RAG em 2026: avaliação com tracing e métricas
TL;DR
Em 2026, avaliar RAG deixou de ser só medir a resposta final. O padrão mais útil combina tracing por etapa, métricas diagnósticas de recuperação e grounding, e execuções reprodutíveis com datasets e critérios claros.
Na prática, isso muda o jeito de depurar falhas: você consegue ver se o problema nasceu no retrieval, no reranking, no prompt ou na resposta do modelo. Para times que operam em produção no Brasil, isso ajuda a justificar custo, reduzir retrabalho e criar uma trilha de qualidade mais próxima do que o usuário sente.
O que mudou em 2026 na avaliação de RAG
O ponto central é a convergência entre observabilidade e avaliação. Em vez de rodar um benchmark esporádico sobre a saída final, as plataformas passaram a tratar cada etapa do fluxo RAG como dado avaliável: consulta, recuperação de documentos, reranking, chamada ao LLM e resposta. O resultado é um diagnóstico mais útil para engenharia, porque o erro aparece com contexto.

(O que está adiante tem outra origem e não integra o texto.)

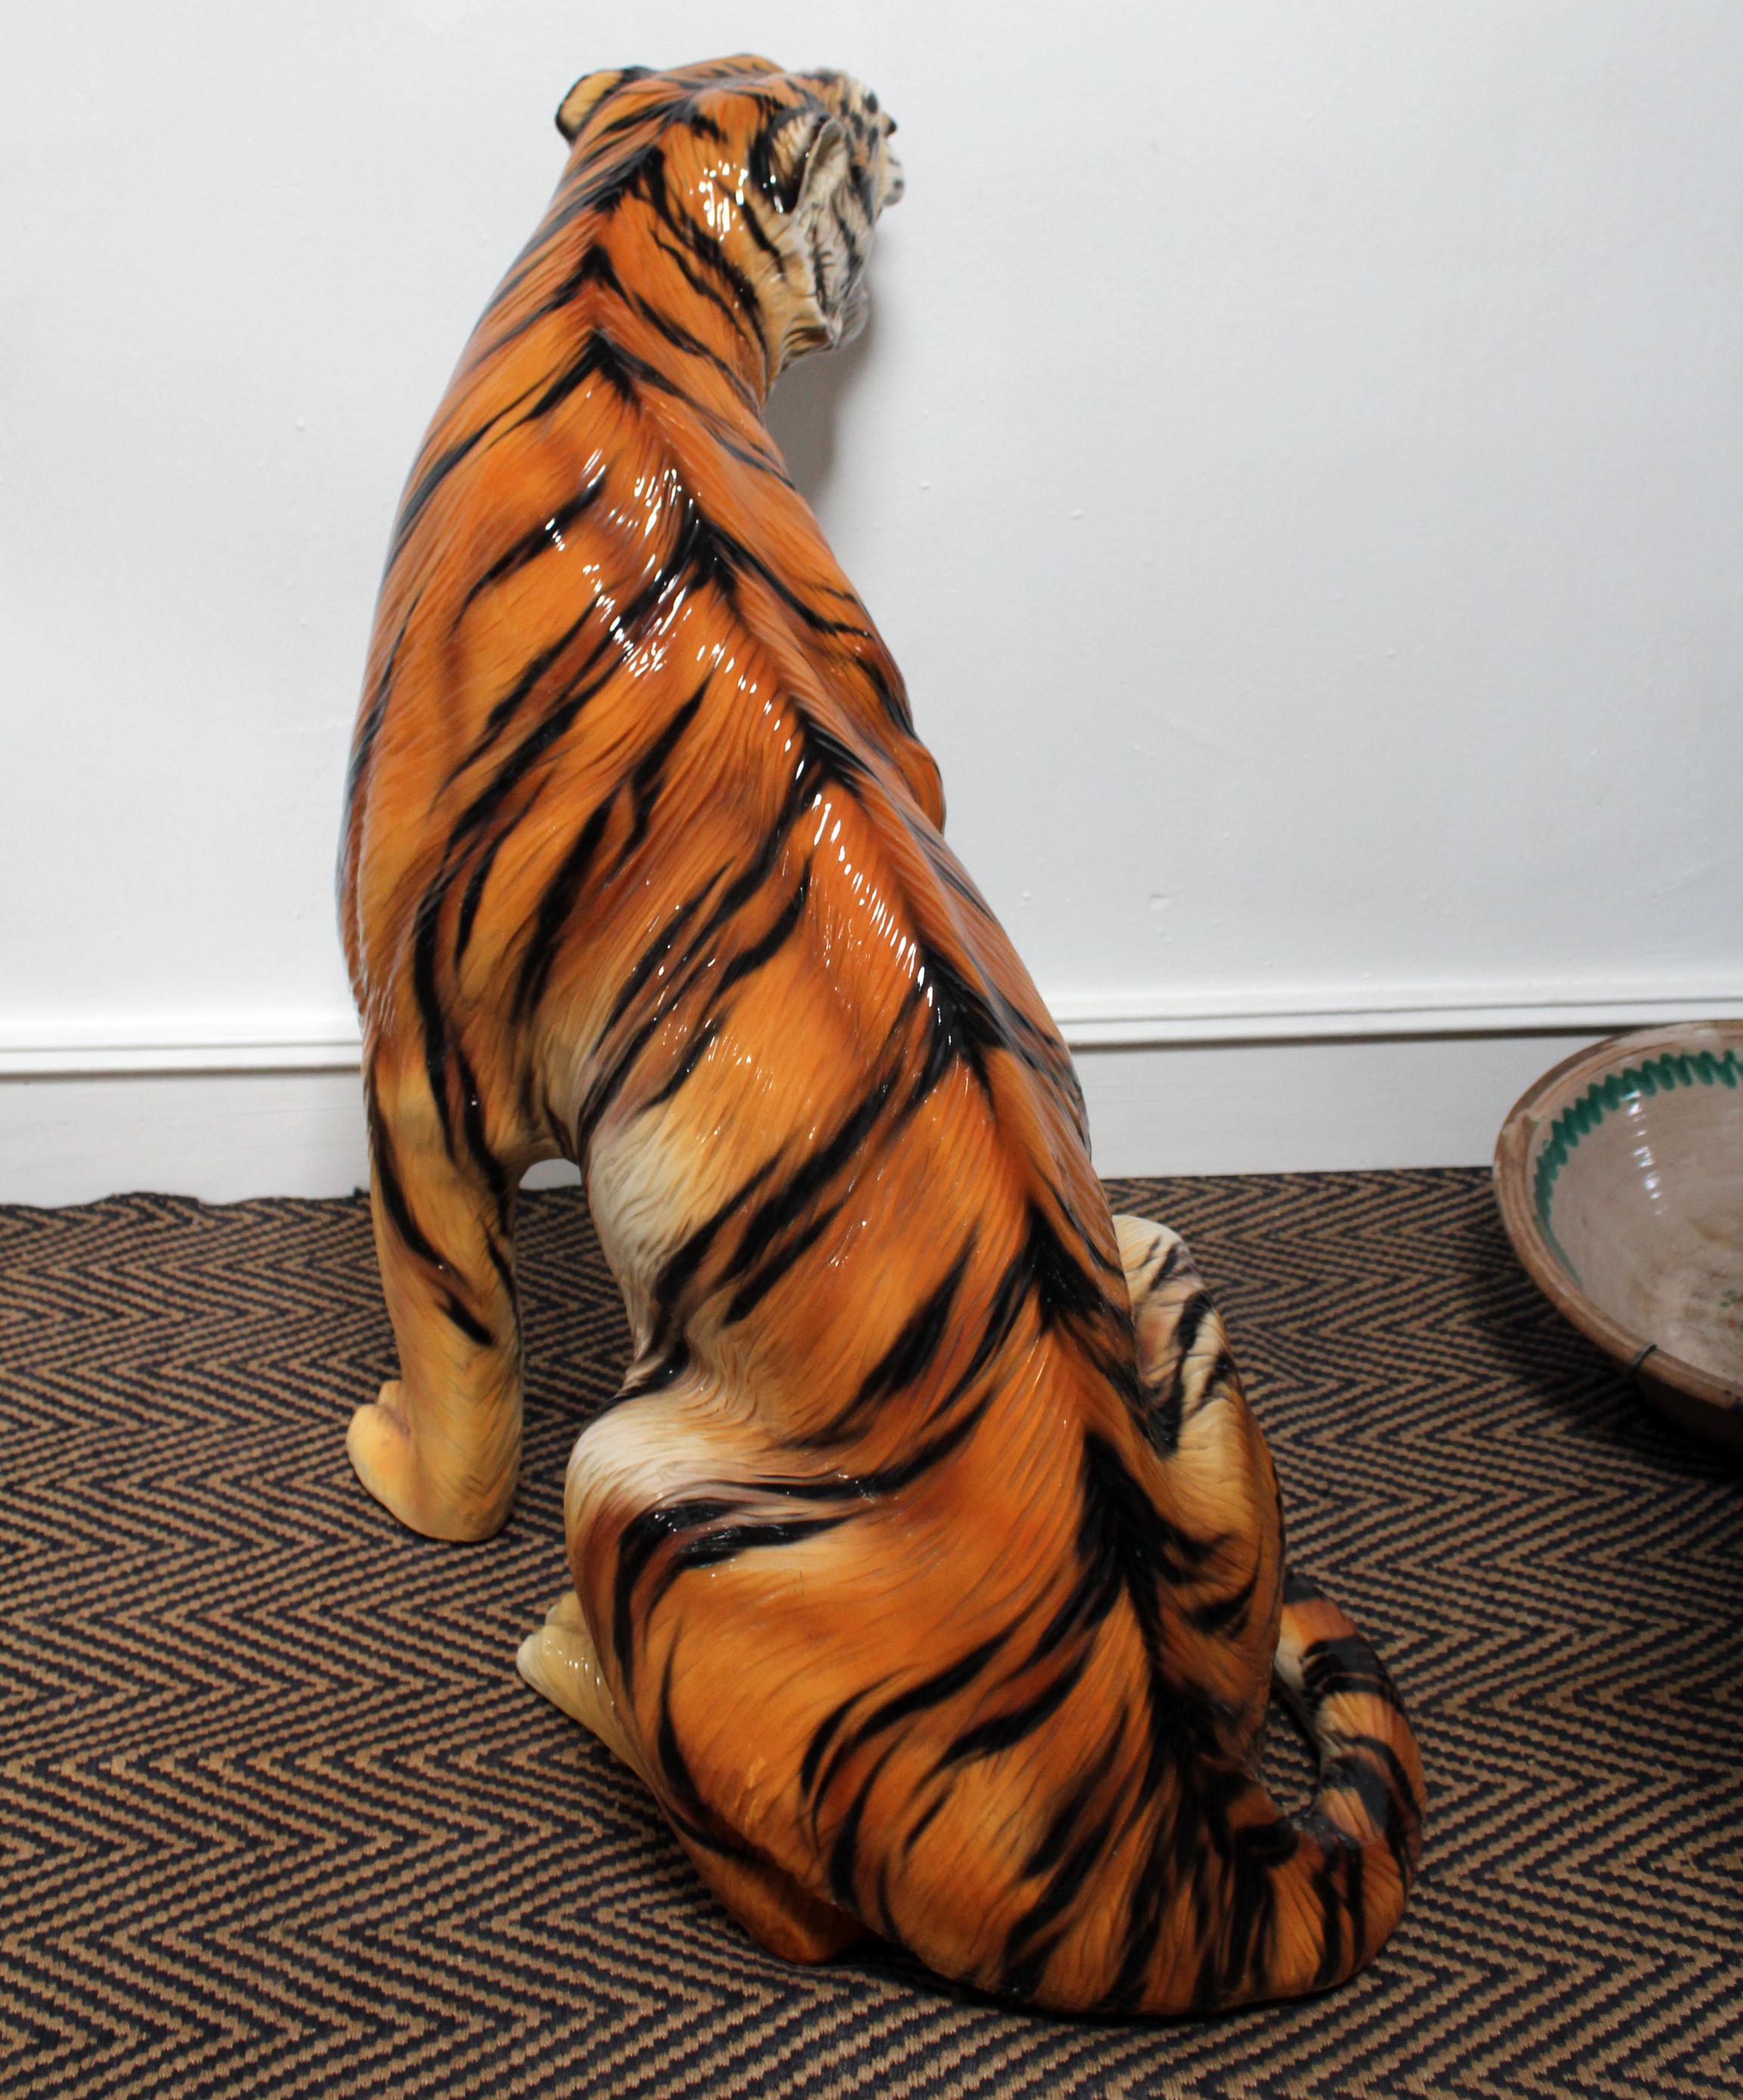 20th Century 1980s Spanish Hand Painted Glazed Ceramic Tiger Sculpture For Sale

Esse movimento aparece de forma explícita nos docs do Phoenix tracing tutorial, no fluxo oficial de evaluation do LangSmith e no tutorial de avaliação de RAG com datasets. A lógica é parecida: você instrumenta o pipeline, guarda os dados de execução e aplica métricas ou juízes automáticos sobre esses rastros.
Na prática, isso reduz o velho problema de “a resposta está ruim, mas não sei por quê”. Se o documento certo não entrou no contexto, a métrica de recuperação acusa. Se o contexto estava correto mas a resposta alucinou, o problema tende a aparecer em métricas de grounding ou faithfulness.
Tracing: o eixo que organiza o diagnóstico
Tracing virou a base para avaliar RAG porque ele transforma execução em evidência. O Phoenix, por exemplo, usa spans e IDs de trace para associar eventos de recuperação e de geração às mesmas execuções, o que facilita inspecionar cada consulta de ponta a ponta. O tutorial de tracing e o cookbook de avaliação com RAG mostram campos de retrieval e scores anexados aos spans na própria observabilidade.
Esse desenho também conversa bem com OpenTelemetry, porque a cadeia RAG já é naturalmente composta de subetapas observáveis. Em vez de tratar a pipeline como uma caixa-preta, você mede o comportamento de cada nó. Para times que precisam reduzir tempo de debug, isso costuma ser mais valioso do que um único score agregado.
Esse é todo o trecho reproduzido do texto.